[Start of Attachment]

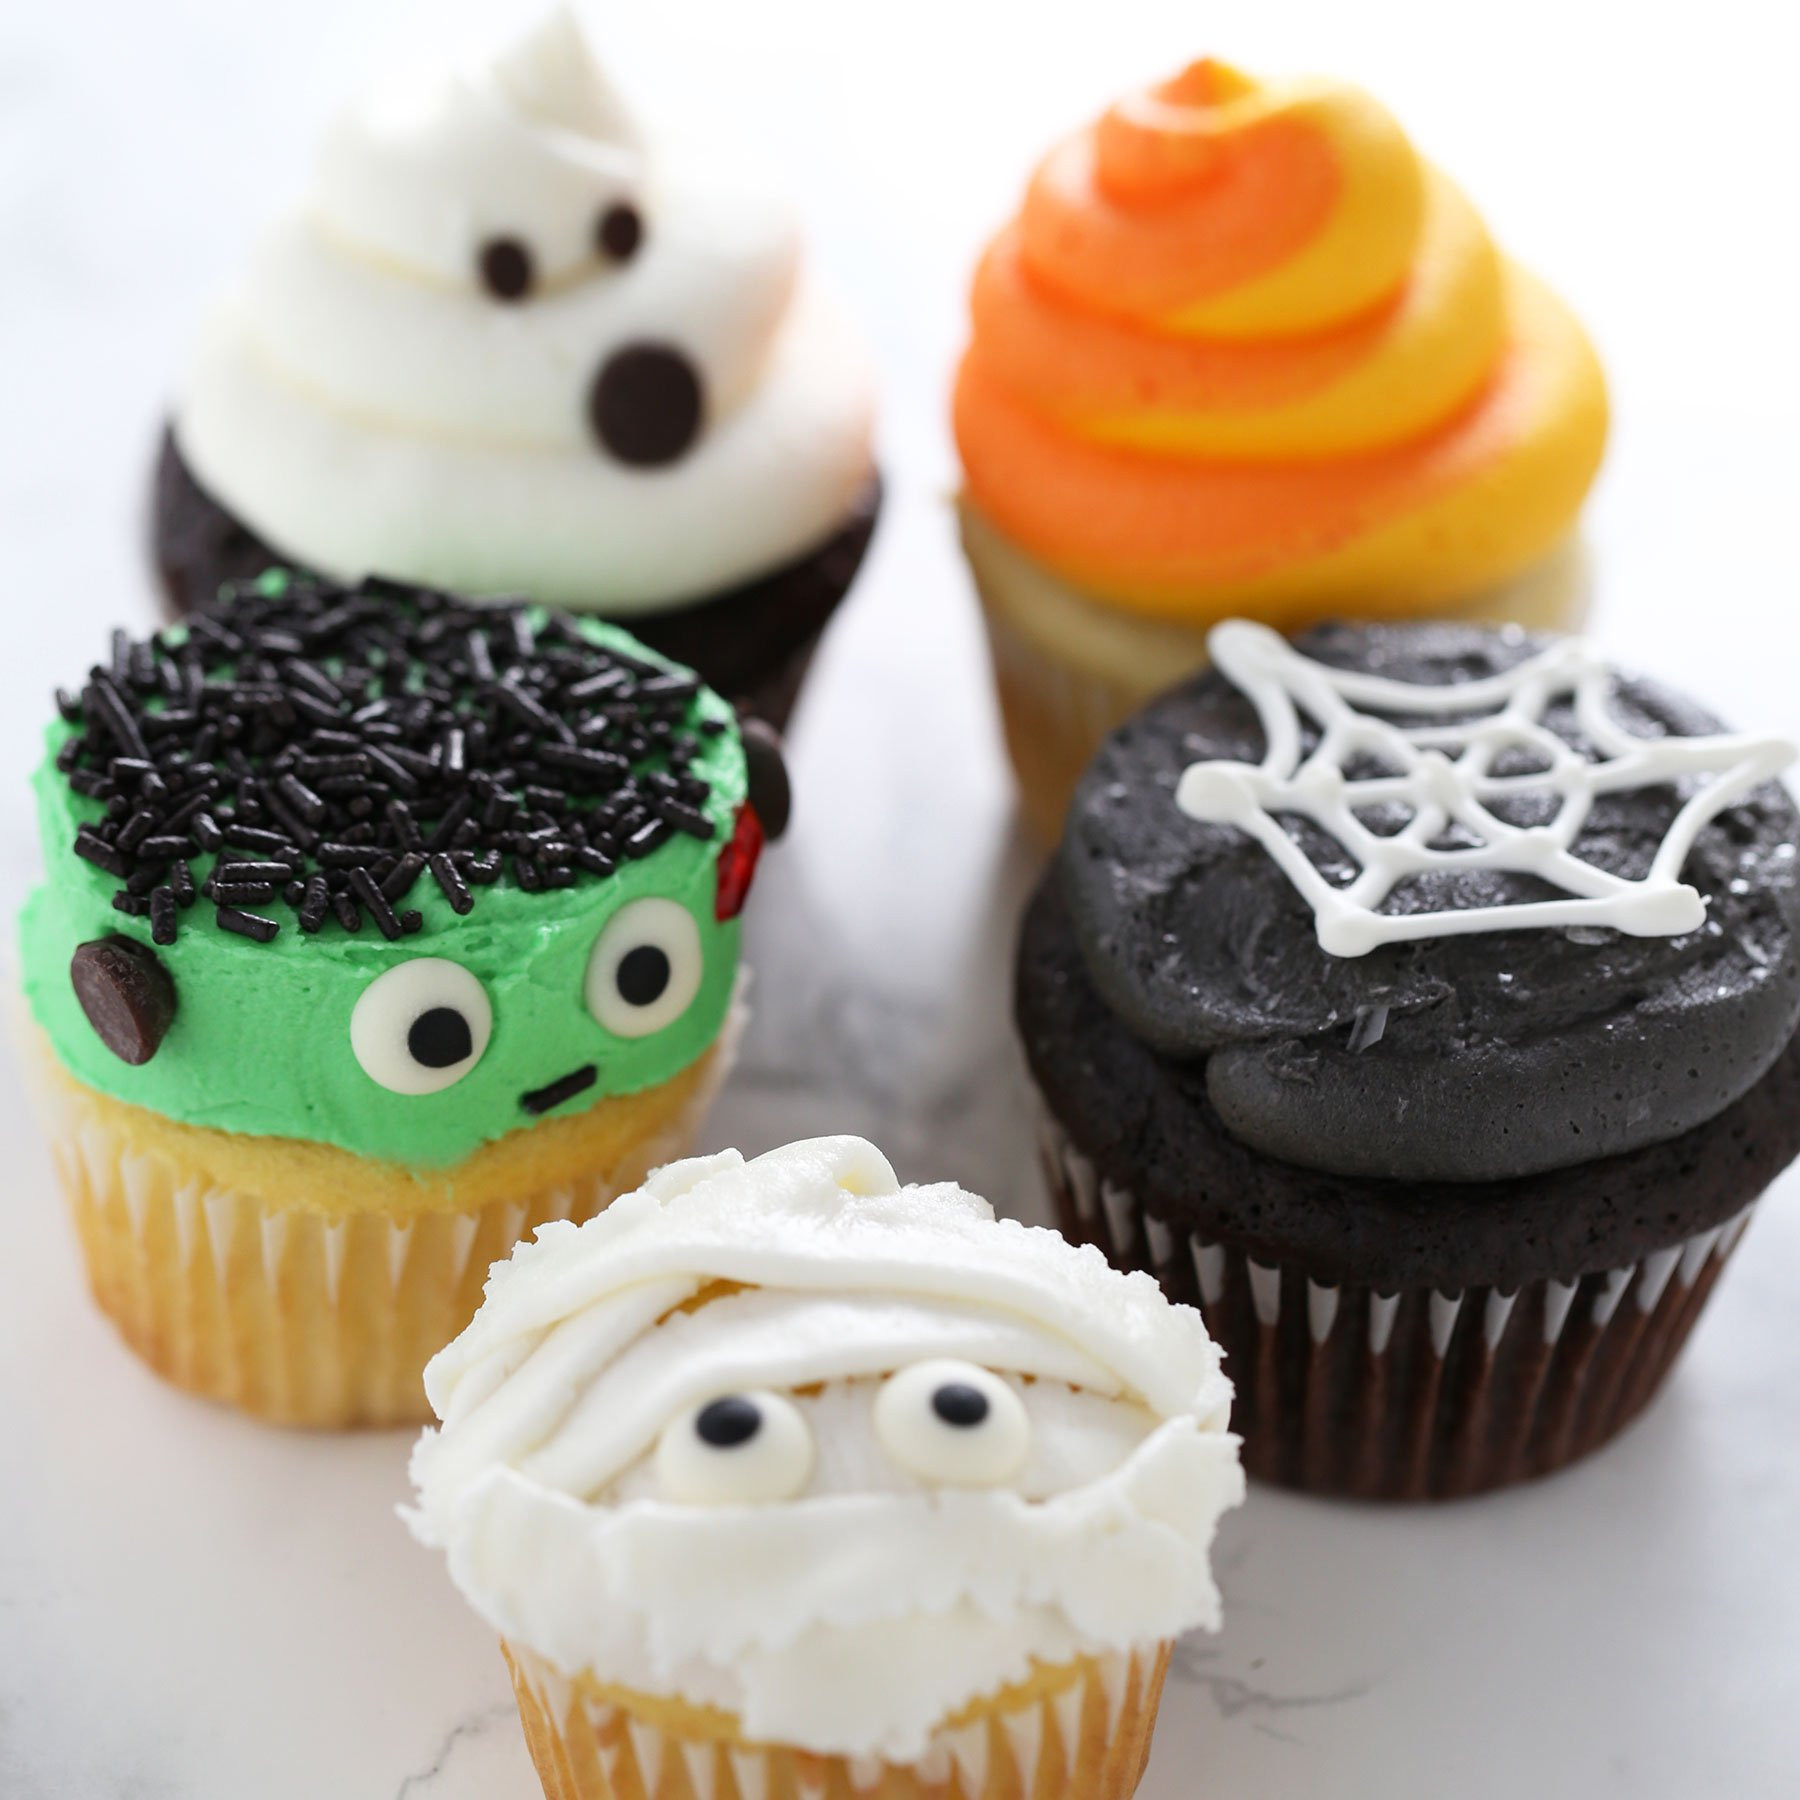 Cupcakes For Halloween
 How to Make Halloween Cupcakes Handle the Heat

[End of Attachment]
[Start of Attachment]

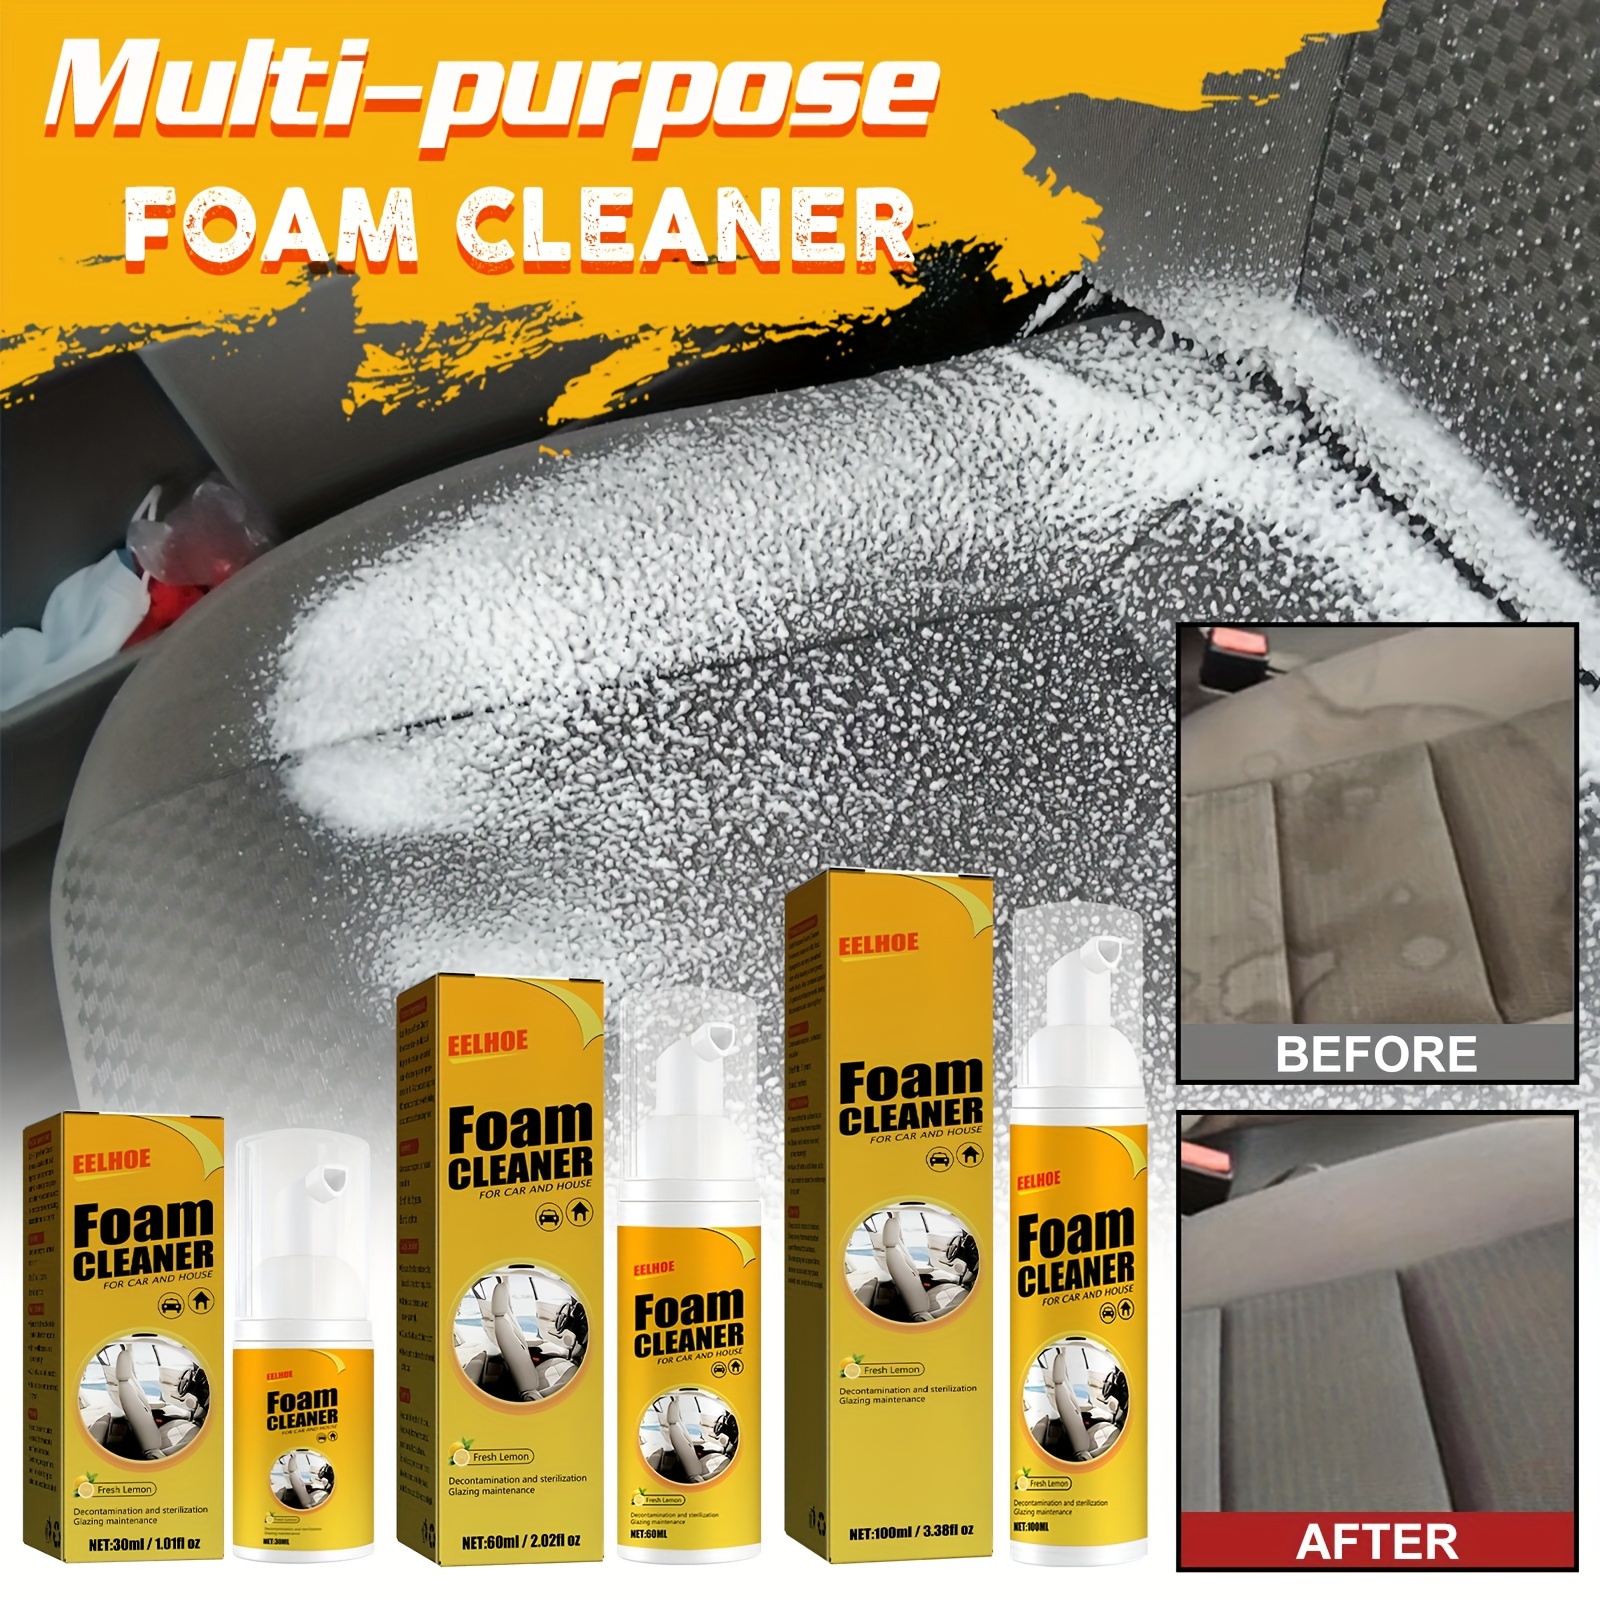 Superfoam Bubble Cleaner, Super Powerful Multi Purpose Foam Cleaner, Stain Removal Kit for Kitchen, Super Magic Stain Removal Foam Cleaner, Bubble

[End of Attachment]

## INSTRUCTIONS FOR THE TASK
From the entries above, copy exactly the lines starting at the one with "Cupcakes For Halloween" and stopping at the one with "How to Make", keeping both ends. Drop the pictures.

## EXERCISE OUTPUT
 Cupcakes For Halloween
 How to Make Halloween Cupcakes Handle the Heat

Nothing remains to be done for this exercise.